The various ID guidelines available include Merrill’s First Principles of Instruction [19], which is a meta-model involving an overarching summary of available ID guidelines [20], proposing five key instructional principles for task-centered learning. These are based on careful analysis of a wide range of cognitive learning models: (1) identification of an authentic problem (since learning is promoted when learners are engaged with real-world problems), (2) activation of prior knowledge as the foundation for new knowledge, (3) demonstration of the task to be learned, (4) application of newly acquired knowledge by learners, and (5) integration or transfer of new knowledge into the learner’s world.

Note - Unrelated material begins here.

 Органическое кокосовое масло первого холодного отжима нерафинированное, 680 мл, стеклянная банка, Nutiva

Simulation training has been widely advocated for PPH, the leading cause of maternal mortality worldwide, because most deaths related to this occurrence are attributable to management failures. To avoid such failures, which include delayed diagnosis, poor communication, and lack of adequate education and training, simulation training should be effective for both learning and transfer of learning [1, 5, 21,22,23,24].

Applying evidence-based ID guidelines to healthcare simulation training formats should be a priority when aiming to achieve transfer of learning and improve patient outcomes [10, 12]. This is of particular relevance for commonly encountered high-risk situations, such as PPH, in which achievement of adequate complex learning may be essential for maximizing patient safety [22, 25]. It was, therefore, necessary to explore the available literature for descriptions of the ID features used.

Methods

The present study aimed to explore the extent to which articles in the literature describe simulation training programs for dealing with a high-risk situation—in this case PPH—as adhering to evidence-based ID guidelines.

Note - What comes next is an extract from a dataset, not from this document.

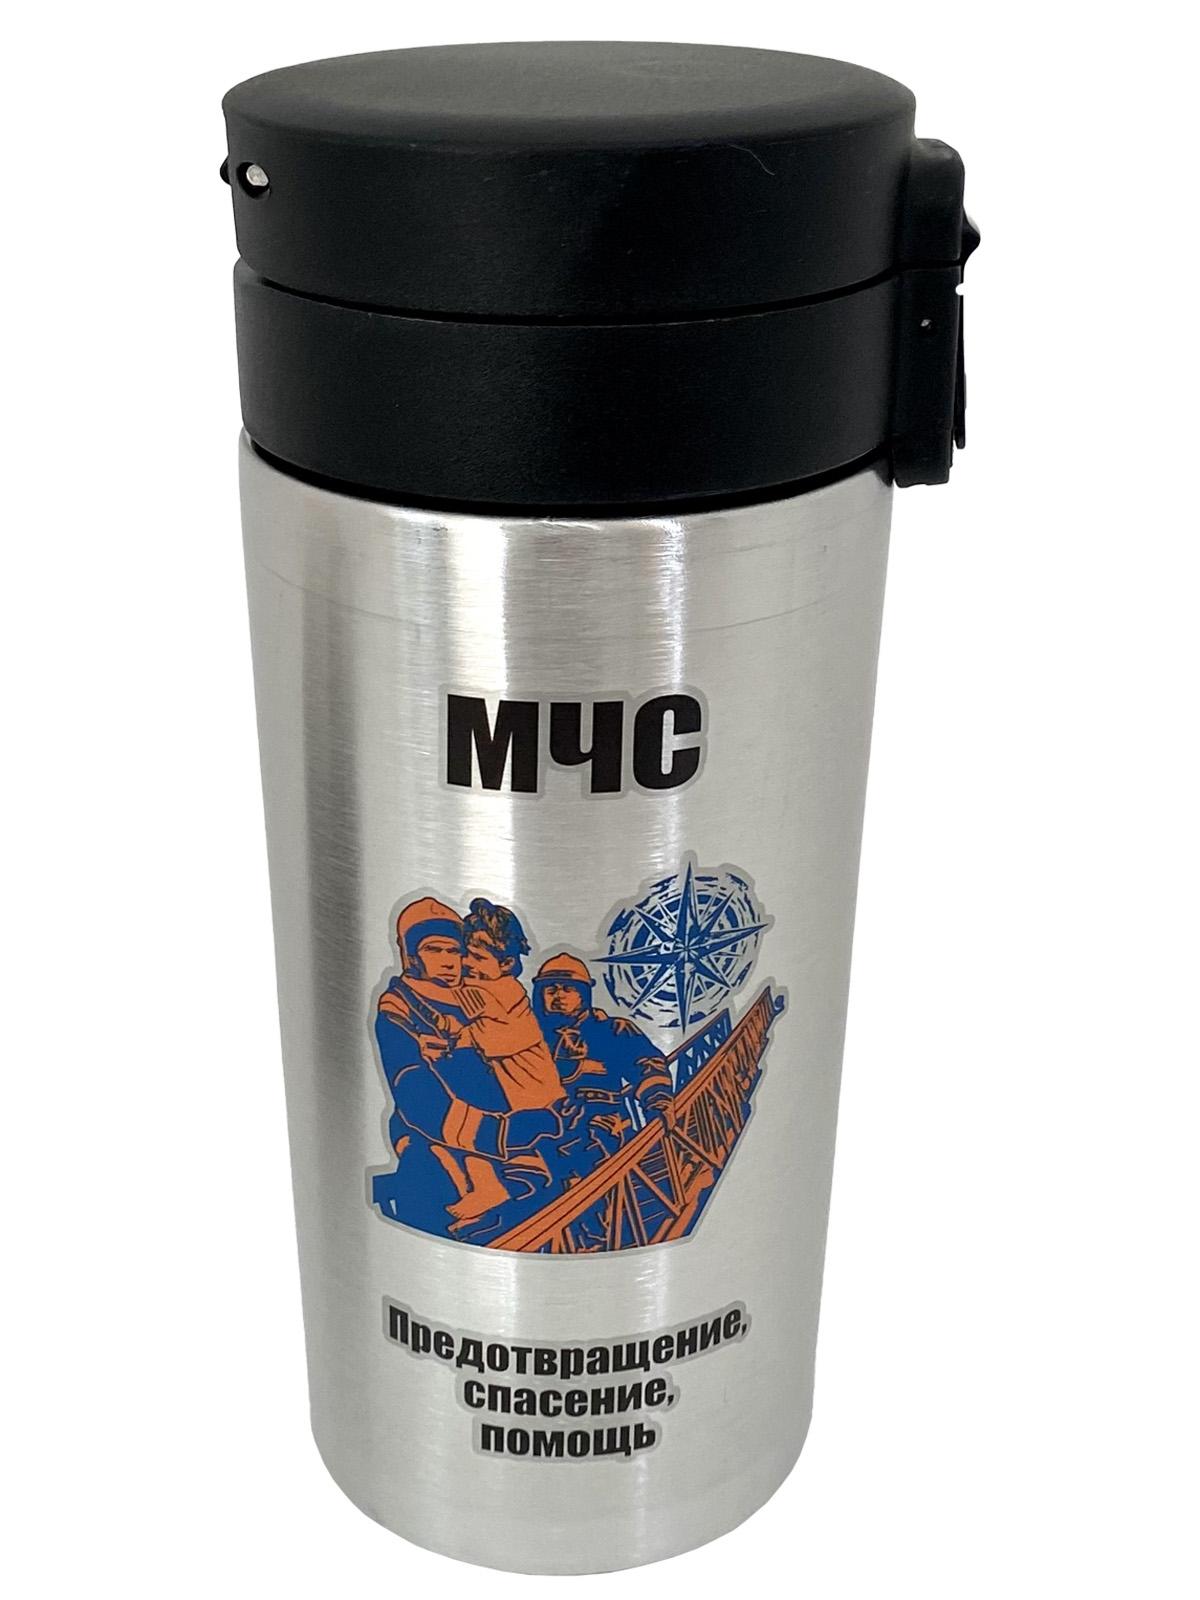 Металлическая термокружка МЧС

We invited a panel of healthcare experts to appraise the use of evidence-based ID guidelines in PPH simulation training programs described in the literature by scoring the extent to which their use is described or lack of such description. We chose a particularly prevalent high-risk situation, PPH, as the training content to be analyzed, on account of its epidemiological importance [4], which has led to a widespread use of PPH simulation training programs. This study formed part of a broader research project on the use of instructional design guidelines in postpartum hemorrhage simulation training, which was submitted to and approved by the Institutional Review Board of the Instituto de Medicina Integral Prof. Fernando Figueira (IMIP), in Recife, Brazil, on March 17, 2012, CAE No. 0034.0.099.000-11.

Participants

The participating raters were healthcare experts with a background in health education and, in particular, the training of health professionals. The raters were identified in two rounds and invited by email to collaborate. In the first round, from June 2015 to August 2015, we contacted authors and co-authors of previously published articles describing PPH simulation trainings. In the second round, from November 2016 to December 2016, we identified authors of abstracts listed in the Abstracts book of the International Association for Medical Education (AMEE) Conference 2016 with topics related to either simulation and/or instructional design. The corresponding contact information was located through Google Scholar profiles and similar webpages to confirm the authors’ backgrounds in health education and training expertise and to exclude undergraduate students. The raters contacted were asked to recommend other healthcare experts with a similar background who could also be invited. After both rounds, 98 raters were invited by email, of whom 60 agreed to participate and 40 returned the completed rating scales.

Materials

The rating scale used for the analysis was based on Merrill’s First Principles of Instruction. Table 1 presents the complete list of the 24 rating-scale items, which were divided into the following five subscales: (1) authenticity, (2) activation of prior knowledge, (3) demonstration, (4) application, and (5) integration/transfer. Each item of each subscale was rated on a 5-point Likert scale: 1 = strongly disagree, 2 = disagree, 3 = neutral, 4 = agree, and 5 = strongly agree. If the corresponding item had not been described in the article reporting the PPH simulation training, raters could select a “not described” or “not applicable” option.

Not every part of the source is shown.